Description of the task: Please retype the data below line for line and leave out every picture.

(Exercise data)

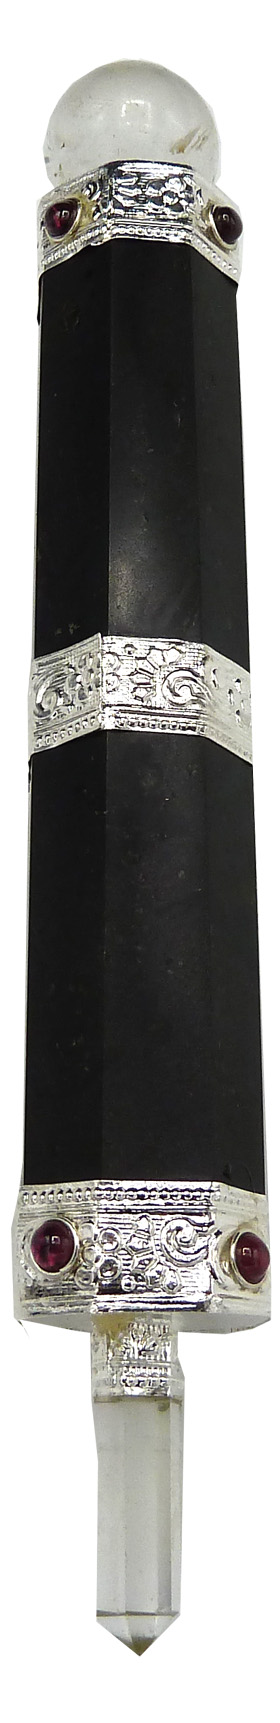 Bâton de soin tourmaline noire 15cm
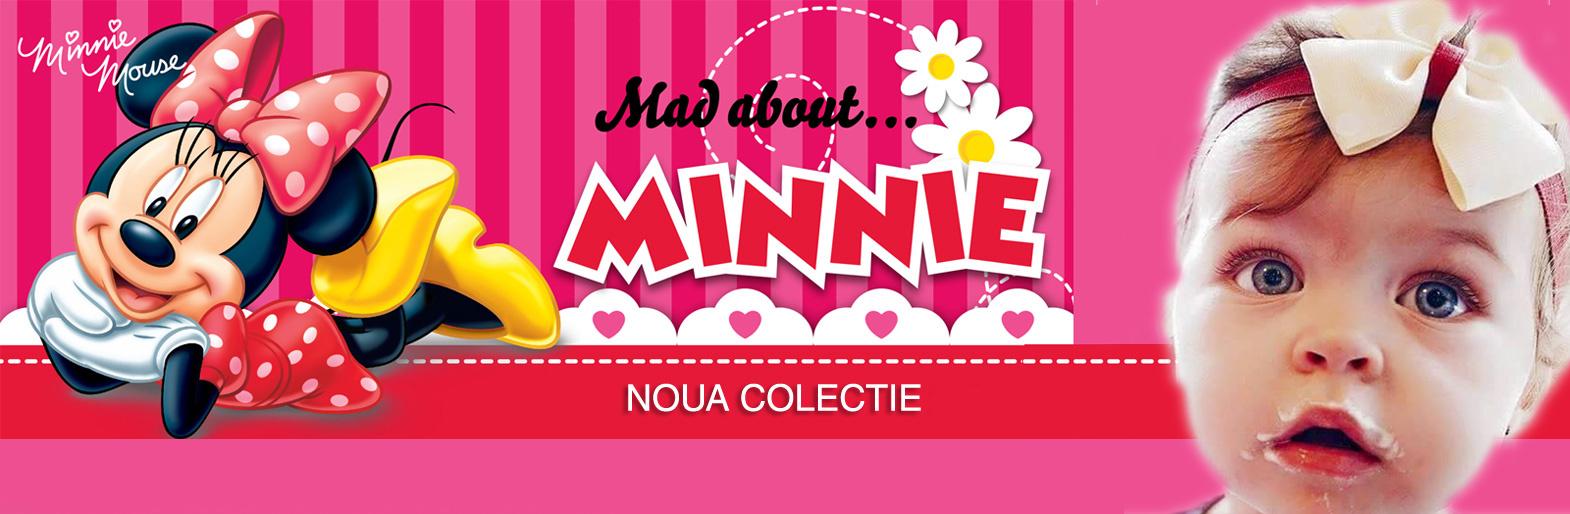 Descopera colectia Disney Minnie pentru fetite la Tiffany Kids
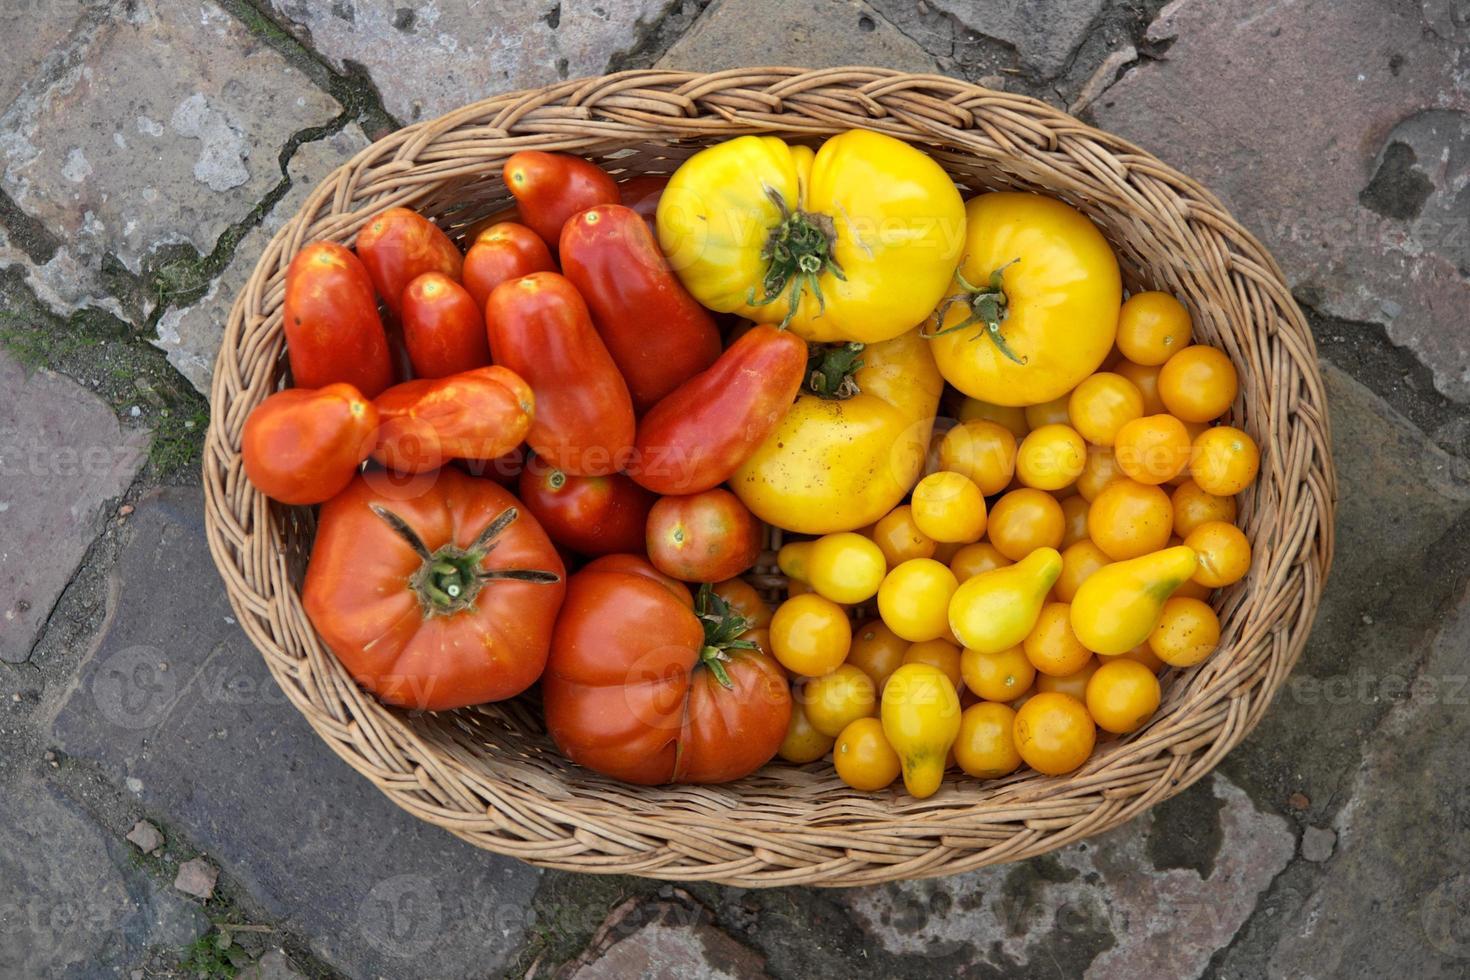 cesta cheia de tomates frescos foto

(End Exercise data)

Written answer:
 Bâton de soin tourmaline noire 15cm
 Descopera colectia Disney Minnie pentru fetite la Tiffany Kids
 cesta cheia de tomates frescos foto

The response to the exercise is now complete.